In general, tokens coming to DEX from Pump.fun are slightly safer than those that are not due to the platform’s “fair launch” process, which shows who is buying in pre-launch, automatically burns the seeded liquidity that supports the token, and typically has a slightly larger pool of participants by the time the token hits DEX. You can identify tokens from Pump.fun by the presence of the word “pump” at the end of a token’s address. Since June, the addresses of all Pump.fun launched tokens have been appended with “pump,” making them easy to identify. Many of the massive market cap meme coins you have seen since March have come from Pump.fun, for example michi, DADDY TATE, MOTHER IGGY, ZACK MORRIS, Shark Cat, BILLY, TEH EPIK DUCK, Hawk Tuah etc just to name a few that have persisted.
Example coin address with the pump suffix:
Make no mistake, Pump.fun has its serious share of scams—many of which are automated or extremely sophisticated—but in the wild west that is shitcoin sniping, we find in it one more parallel to VC investing. Pump.fun is to meme coins what Y-Combinator is to startups, in that they both have a great relative track record of launching successful projects, and having the badge can often attract a premium.
Burned Liquidity and Token Authorities
This leads us to the second item on the DD list. You must ensure that the liquidity pool tokens, which the token creator received when they seeded the liquidity pool with SOL, ETH, etc., have been burned. This ensures that there is no way for the creator to remove liquidity from the market directly and rug pull you. I won’t dive into how automated market making (AMM) works here, but here’s a good primer. You can check for burned liquidity on Dexscreener by looking for a locked symbol beside the liquidity information of a token. The absence of a locked symbol would mean the liquidity is not locked or burned.
Screenshot on checking burned liquidity on Dexscreener:
You should then check to ensure that the token creator does not have the authority to make additional tokens or the ability to freeze other people’s token accounts from trading the token. These are referred to as mint and freeze authorities. If the creator can create more of the same meme coin, they can easily manipulate the market and dilute its value. The dangers of freeze authority are also significant; with that authority, they can prevent other people from transferring the token once it gets to a sufficiently high price.
Unfortunately, there is no direct way to check these authorities through Dexscreener.
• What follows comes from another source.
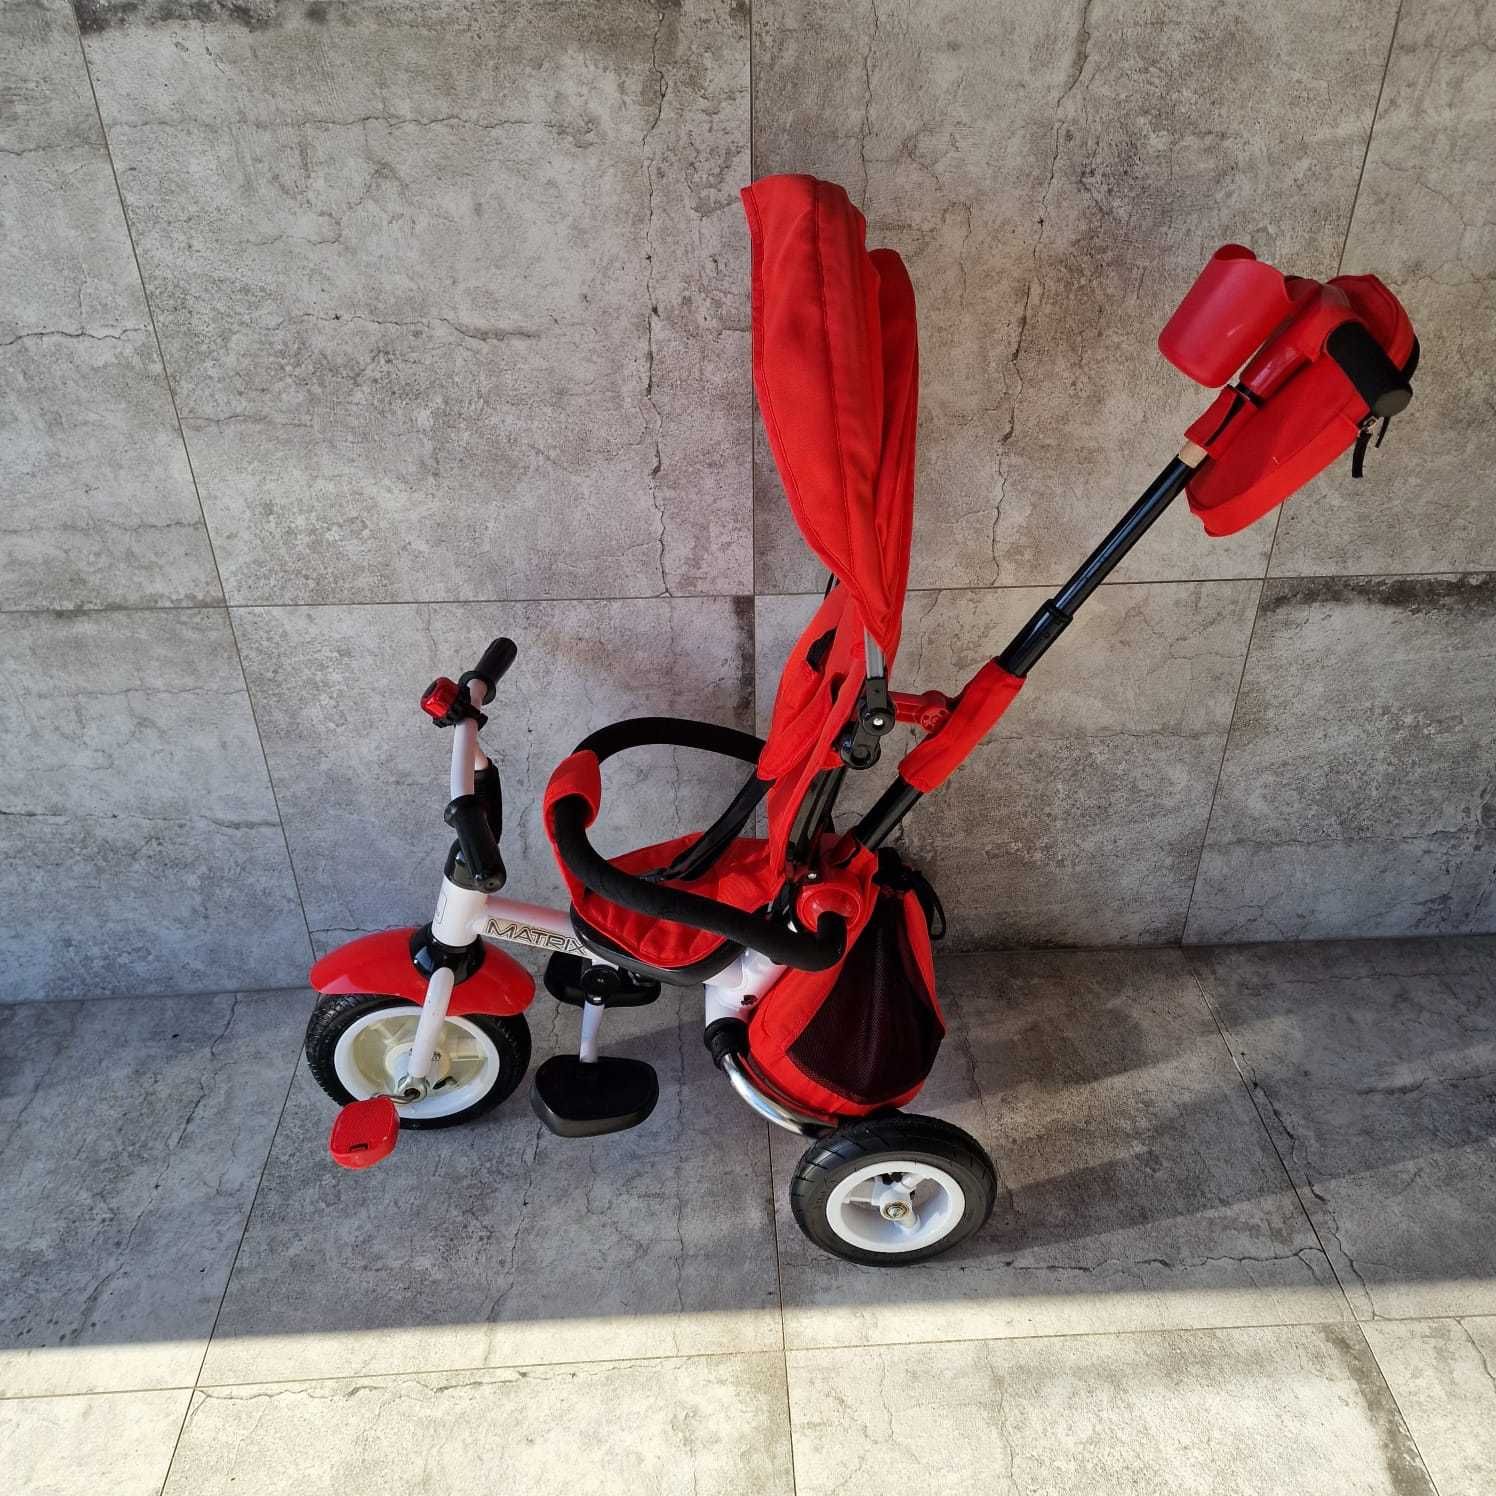 Rowerek dla dziecka trzykołowy

One way is to use a tool like SolSniffer which can examine these based on the token address. Alternatively, you can use a sniper bot platform like Photon which automatically performs these checks for you when viewing a token’s information.
Here’s an example screenshot from SolSniffer to check if mint and freeze authorities are disabled:
Here’s another example screenshot from Photon which checks quite a few things mentioned in the DD list:
Holder Distribution
When it comes to token distribution, you want to ensure the top holders will not be able to have an outsized impact on the token price. It’s typically a red flag to see any holder with above 5% of the token supply, and it’s also very dangerous to have the top 10 holders hold beyond 30% of a young token. Additionally, the more holders there are for the token, the more likely there is real buy-in from the public into the meme. It is important to note that Dexscreener’s holders list does not automatically identify the DEX pool—i.e., it is quite normal for Raydium (the DEX) to hold a significant share through its AMM, and this should not alarm you. To check this, you should click on the token address listed on Dexscreener, which will bring you to Solscan. From there, you can check the most up-to-date holder distribution and exclude Raydium’s holdings from your evaluation of the distribution health.
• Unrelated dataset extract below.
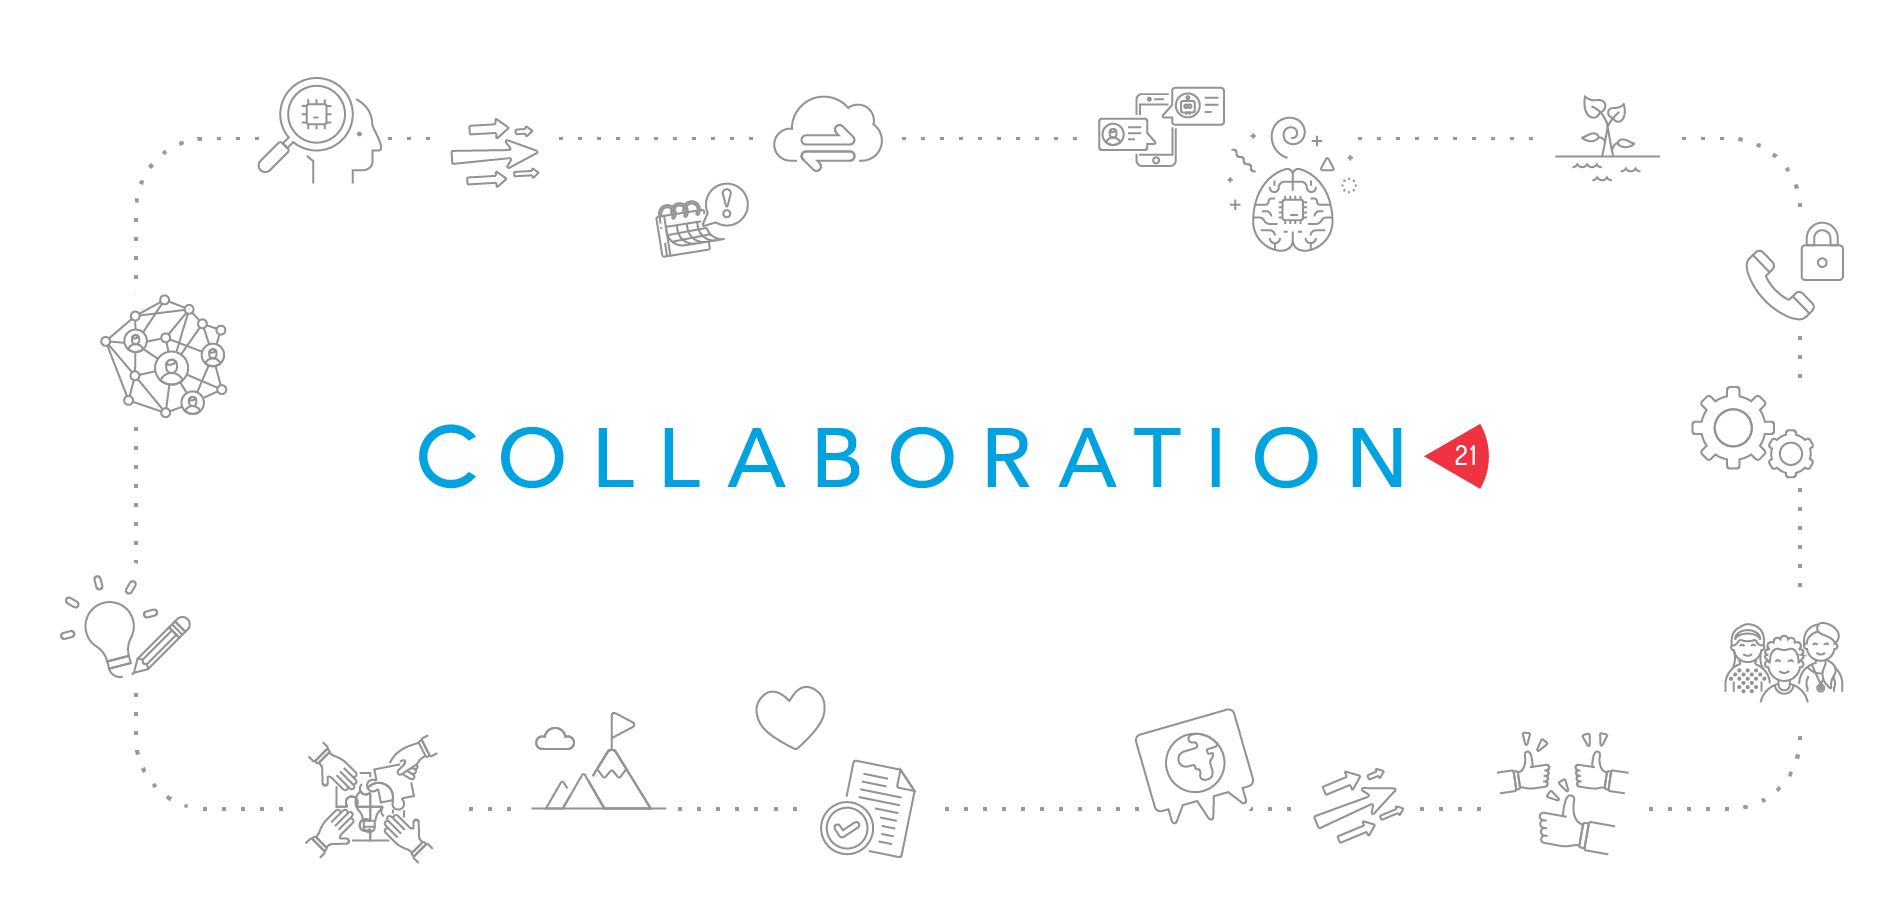 Collaboration 21

Here’s an example screenshot of how to check holder distribution on Solscan, the DEX pool (Raydium) is highlighted, its account is listed as “Raydium Authority”:
It is worth noting that scammers have gotten very sophisticated in masking distribution health. In addition to a quick check like this, it is also worth using SolSniffer to see if there are tokens stored in hidden wallets. For example, a token creator may actually have kept 30% for themselves or their team but spread this over hundreds of wallets to mask their holdings. After the token becomes sufficiently valuable, they would dump all their spread-out holdings at once. TTF Bot can also be used to check whether the token creator has transferred tokens to other wallets in an attempt to hide holdings.
If the token is a Pump.fun token, they have an inbuilt utility that can help you map wallet transfers. You can access it by copying the token address and appending it to the Pump.fun URL (e.g., pump.fun/[paste token address here without these brackets]), then clicking the bubble map.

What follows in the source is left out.